Attorneys Weigh In on Offshore Banking, Tax Headaches

Posted On 23 Sep 2013
By :


By Dennis Taylor

AMSTERDAM – Cross-border taxation and offshore banking were two of the topics attorneys attempted to demystify Saturday afternoon during the Webmaster Access adult industry business conference. Do American businesses need to collect and pay European taxes? Do any safe offshore banking havens remain? Well … yes and no.

Although Vahe Gevorgyan from Prospectacy was unable to participate as expected, attorneys Michael Fattorosi and Trieu Hoang were present. The legal eagles had only one hour in which to explore their topics, but they gave the standing-room-only audience, split evenly between Americans and Europeans, quite a bit to consider.

Hoang, the attorney for Amsterdam-based AbbyWinters.com, opened with a brief presentation about the European Union’s value-added tax (VAT), which applies to all electronic goods and services. According to Hoang, all businesses, even those located outside the EU, must collect and pay VAT for customers residing in the EU.

Audience members repeatedly challenged Hoang to explain why American businesses should care about EU taxes, considering it’s not clear what penalties they may face for failure to comply with extraterritorial tax laws. How would EU authorities even begin to ascertain what taxes might be due?

Speaking with a slight Australian accent, Hoang revealed American businesses that do not follow EU tax rules could find themselves in a difficult spot if they later chose to expand their banking into EU countries. He also opined that American companies may face continual harassment from EU authorities, possibly with assistance from the American Internal Revenue Service. Apparently, taxing authorities do communicate.

Since VAT rates vary in different EU jurisdictions, the question of which rates to pay was discussed at some length. Multiple scenarios make paying VAT somewhat complicated, Hoang noted.

For example, existing law requires EU companies based in the Netherlands to collect VAT from all customers at the rate applicable in the Netherlands, regardless where in the EU customers are based. Complicating matters, no VAT is due when an EU company sells to a customer who resides outside the EU, but when a business outside the EU sells to customers inside the EU, the customer’s location determines the VAT rate. Therefore, if an American business sells products or services (website memberships or video on demand, for example) to a customer who resides in France, the American business is liable for collecting and paying VAT at the French rate.

Confused yet?

Changes designed to simplify VAT collection and payment are slated to take effect in 2015. When they do, the buyer’s location will be the determining rate factor throughout the EU.

Do current VAT laws mean businesses need to register and pay VAT taxes in every EU jurisdiction? No, Hoang said. Companies may choose just one EU jurisdiction in which to register, and it’s up to the tax authorities in that jurisdiction to collect the company’s payments and distribute them appropriately to every jurisdiction in which the company does business.

That said, businesses do need to track and report their customers’ locations so the proper VAT rates can be applied to each transaction. Location information often can be supplied by a company’s billing provider, according to Hoang. An Epoch.com representative in the audience confirmed Hoang’s assertion.

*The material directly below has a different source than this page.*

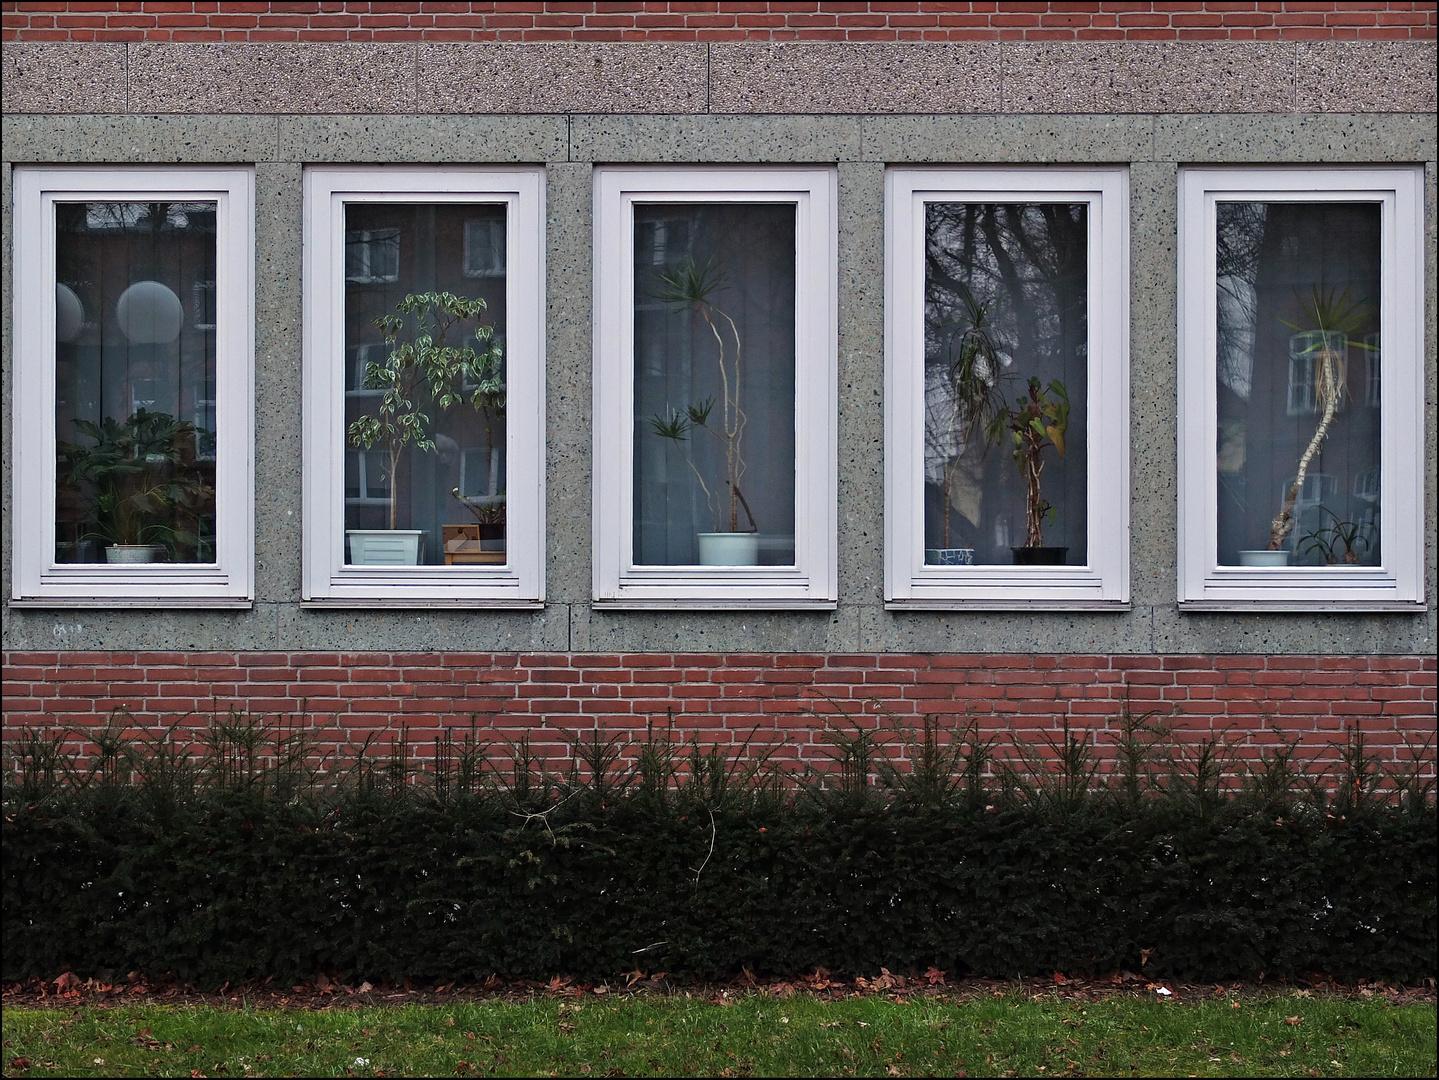 Büropflanzen

U.S.-based attorney Michael Fattorosi took up the topic of offshore banking and tax havens.

According to Fattorosi, 30 percent of the world’s wealth currently resides in offshore tax havens. The usefulness of such havens is changing, he noted, because a U.S.-led crackdown on banking secrecy laws around the world has resulted in banks providing details about their customers to U.S. authorities. EU countries have followed the U.S.’s lead, he said, placing additional pressure on banks in traditional tax havens.

The result? Fattorosi said there are few banks left in the world where someone can deposit money and not have to worry about bankers sending information to his or her home country.

“If you have an offshore account, you should probably divulge that information because of potential penalties and what could end up happening to your money,” said Fattorosi.

Some countries have not yet begun sharing information, he added, pointing to Austria, Singapore and Hong Kong, though the latter two have seen increases in transactions in recent years and eventually may bow to pressure. Fattorosi also mentioned Panama as a great banking option — for Panama corporations.

“Over the next five years, you’ll see fewer countries willing to touch [offshore banking],” he warned.

Fattorosi also advised the audience to consider the stability of the economy in any country where they bank, mentioning the recent economic troubles in Cyprus as an example of what can go wrong if a company or individual puts money in a country that experiences an economic collapse.

He pointed out that singer Tina Turner recently renounced her U.S. citizenship in favor of Switzerland, apparently for tax reasons, and he advised that if an individual really wants to hide his or her wealth from one country, such as the United States, that person may have to change citizenship to do it.